India imports nearly 90% of its oil, and state-run fuel retailers have been forced to raise pump prices after keeping them relatively stable for four years, as crude prices jumped by 50%.
Prime Minister Narendra Modi has also urged Indians to car pool, use public transport and work from home to conserve fuel.
“This rising uncertainty, alongside elevated fuel prices, acts as an incremental driver strengthening the case for EVs,” says Nomura, the Japanese brokerage.
But beyond these immediate triggers, several longer-term factors are also driving buyer interest, most notably upcoming regulatory norms, known as CAFE-3, which are scheduled to come into force from April next year and run until March 2032.
These “meaningfully tighten regulation and are likely to drive more visible acceleration in EV adoption”, Venugopal Garre and Param Shah, analysts with Bernstein, said in a note.
India currently doesn’t pair its EV incentives with stringent targets or penalties, something CAFE-3 will make binding, say Garre and Shah.
The draft rules seek to reduce carbon emissions in cars from 113 to 76g/km by 2032 – a 33% drop.
Moreover, unlike in the present scenario where “penalties of about a billion dollars in fines across eight OEMs (original equipment manufacturers) were never collected, CAFE-3 penalties might be”, according to Bernstein, all of which will push the case for EVs.
Individual city-states like Delhi – one of the country’s most polluted hotspots – have also recently released ambitious draft policies that propose to phase out conventional internal combustion engines and halt registrations of new ICE two and three wheelers by 2027.
Another tailwind will be a “healthy launch pipeline”, says Nomura, which expects EV penetration in India’s passenger vehicle market to reach 9% by 2030.
In the two-wheeler segment too, demand is expected to be driven by a wave of new affordable models, while EV three-wheelers are projected to outsell non-EV variants by 2030, accelerating the transition.
“India’s transition is more concentrated in high-utilisation, cost-sensitive categories such as three-wheelers, suggesting that the adoption curve is likely to be non-linear, with PV and two-wheeler penetration accelerating over time as affordability improves, charging infrastructure expands, and policy support strengthens,” Nomura says.
Yet, despite these encouraging signs, India lags behind major global economies in EV adoption.
According to Nomura data, China’s EV adoption in passenger cars accelerated sharply from just 5.7% in 2020 to 53.3% last year.

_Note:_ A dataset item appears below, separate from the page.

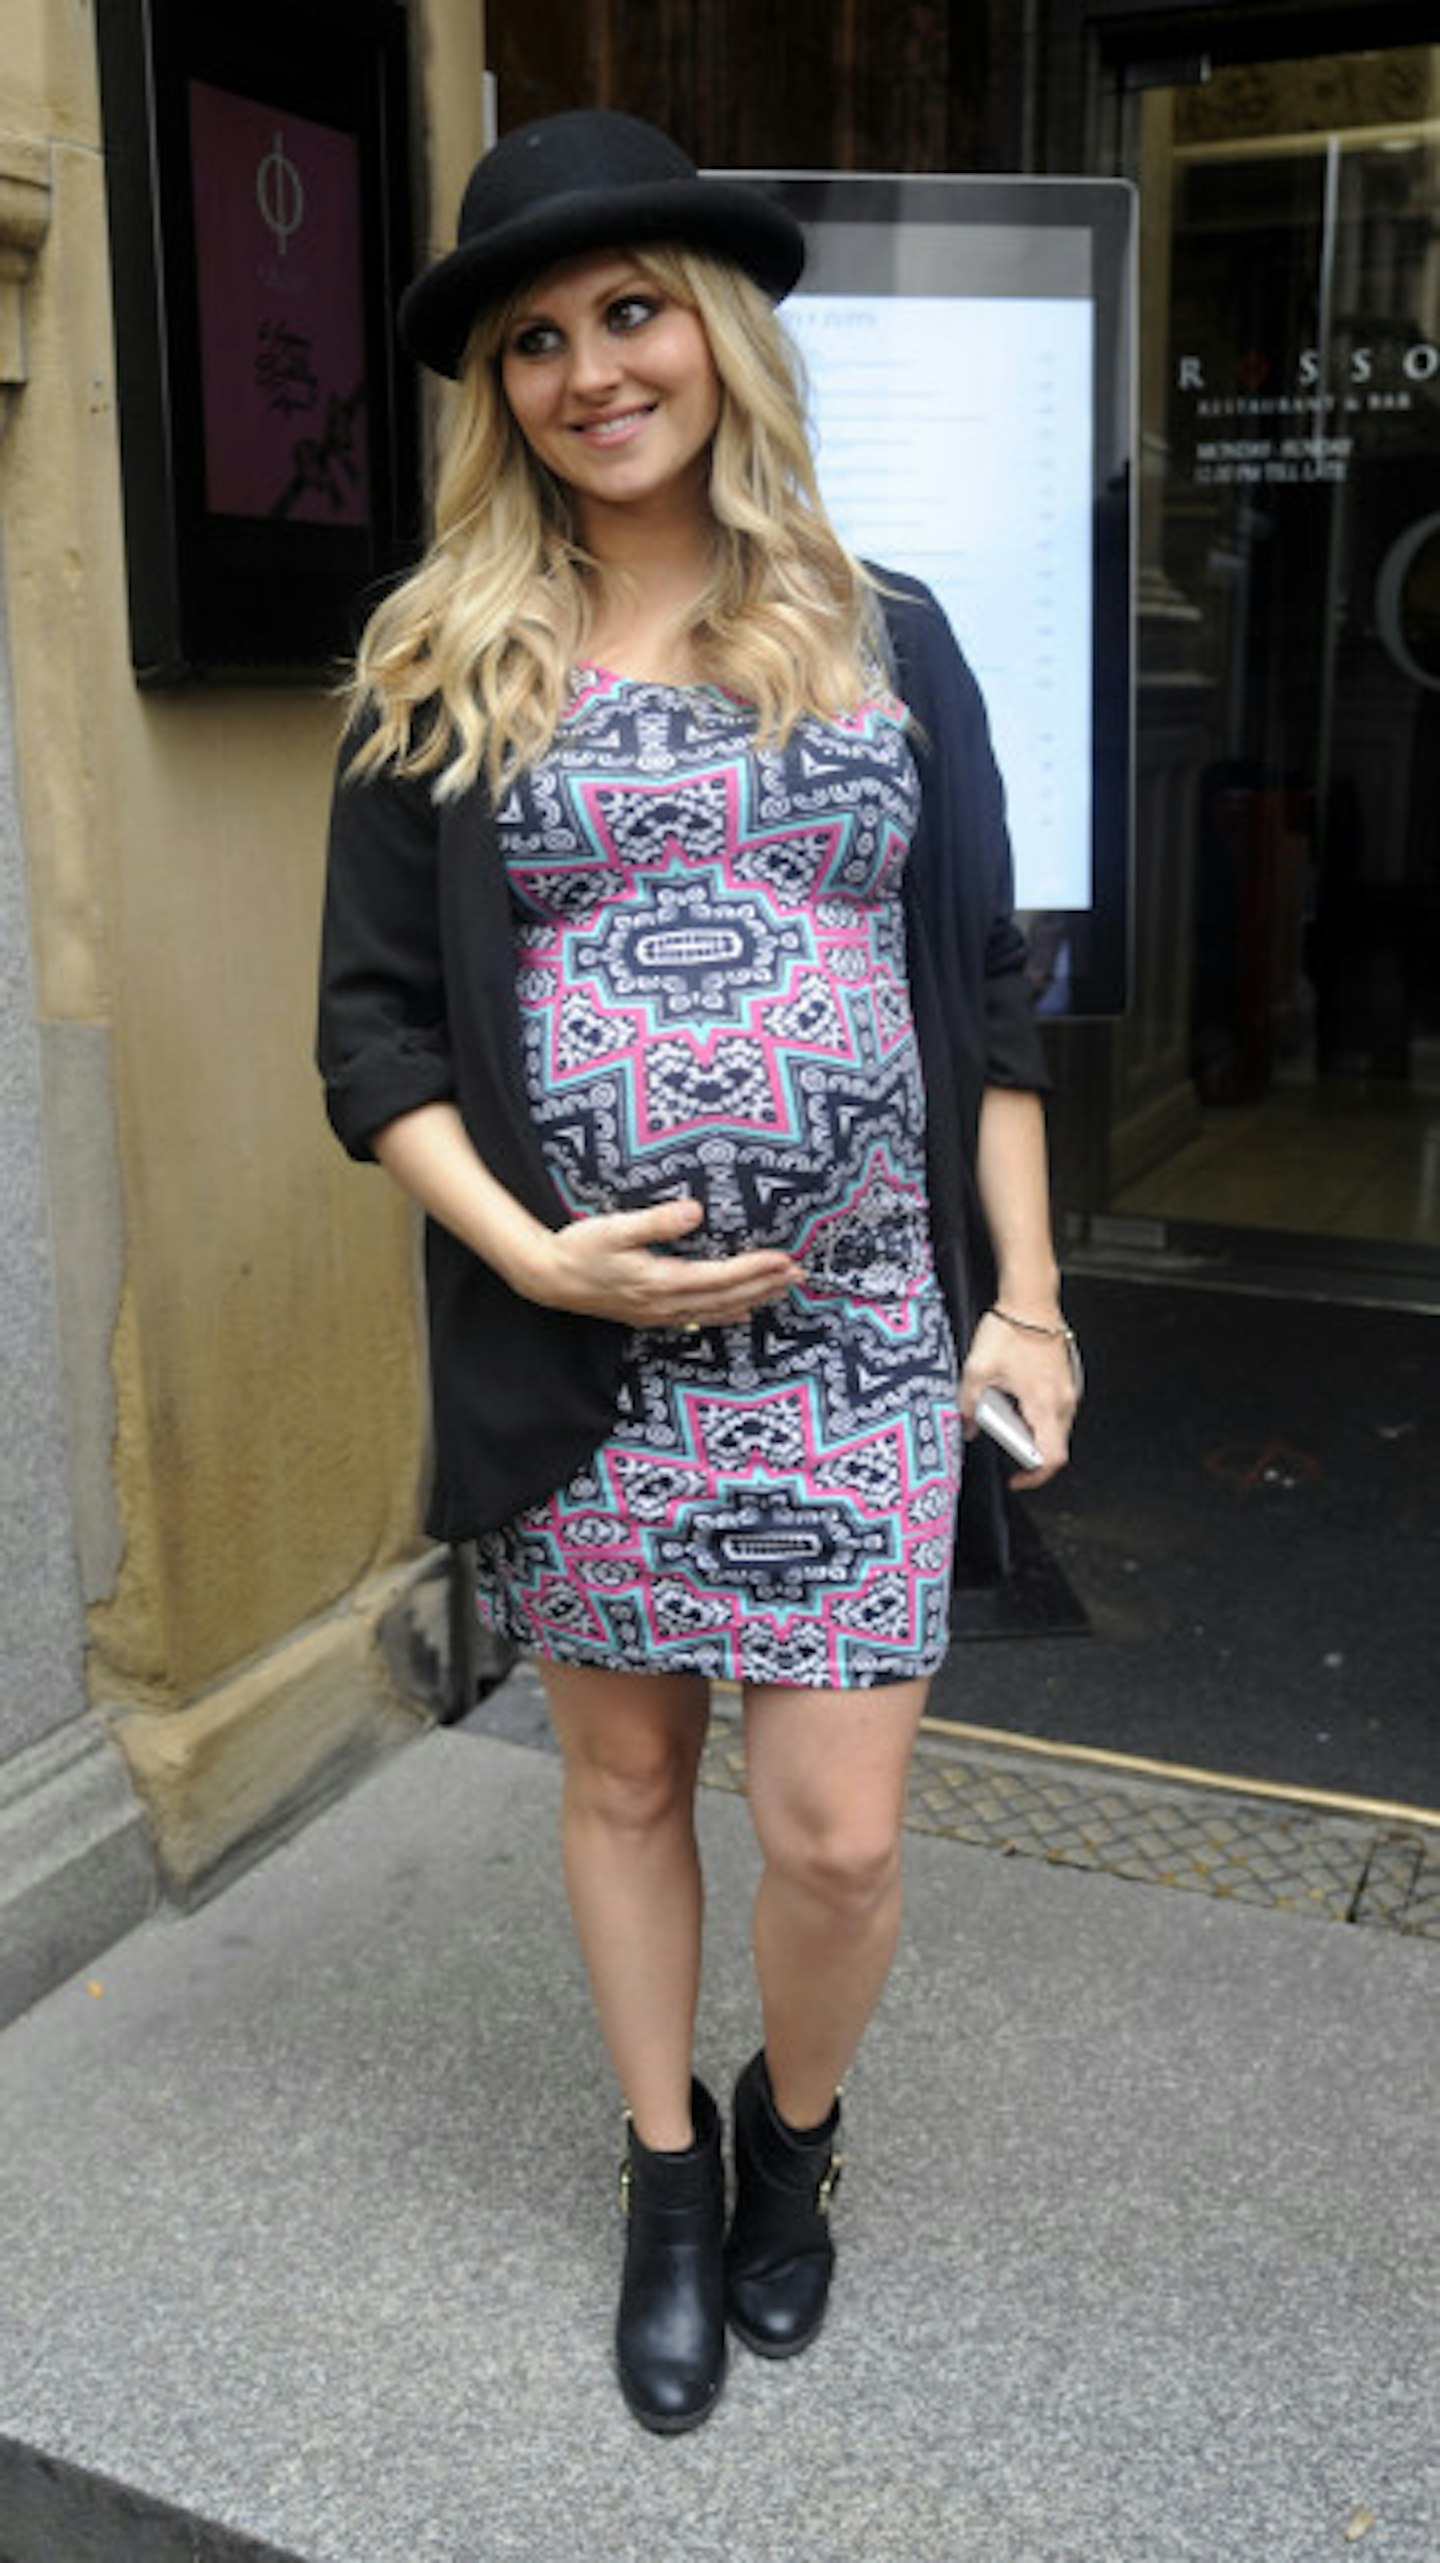 Tina O'Brien during her pregnancy

EU is at 20% and the US is at 8%.
One of the biggest challenges remains charging infrastructure.
Public charging stations have grown from 2,000 to over 10,000 in the last three years, yet infrastructure is uneven across regions with just four of India’s 28 states accounting for over 50% of the chargers.
Moreover, the sheer gap between India and China on charging points is staggering: China has now scaled to 20 million public charging points vs. India’s 10,000.
“Range anxiety” – or worries about whether a battery charge will be enough to complete a journey – as a result of charging limitations, remains a key deterrent for consumers, according to Nomura.
The gaps in India’s local supply chain are another major point of concern for analysts.
India depends heavily on a global supply of rare earths that go into making batteries. And even though the government has announced a plan to ramp up local production, China controls some 70-80% of lithium and cobalt refining and nearly 90% of rare earth separation, according to KPMG.
These underscore the geopolitical risks to the transition and could both delay “India’s EV rollout and affect cost competitiveness”, the consultancy said in a recent report.
There are no immediate solutions to the challenge: building an integrated mining to battery pack or magnet manufacturing supply chain can take longer than a decade. India will need a mix of “short-term measures for supply security and long-term initiatives aimed at developing domestic capabilities”, KPMG says.
More immediately, though, from a buyer’s lens, the timely implementation of CAFE-3 regulations will be a key propellent, Amitabh Kant, former CEO of Niti Aayog, the government’s think-tank, wrote recently in the Indian Express newspaper.
Despite being under discussion for three years, the standards still remain tentative, though a final draft is said to be imminent.
“In the absence of regulatory clarity, manufacturers defer investment decisions, supply chains evolve more slowly, and the broader ecosystem remains uncertain,” Kant writes, adding that what will drive adoption is certainty of policy.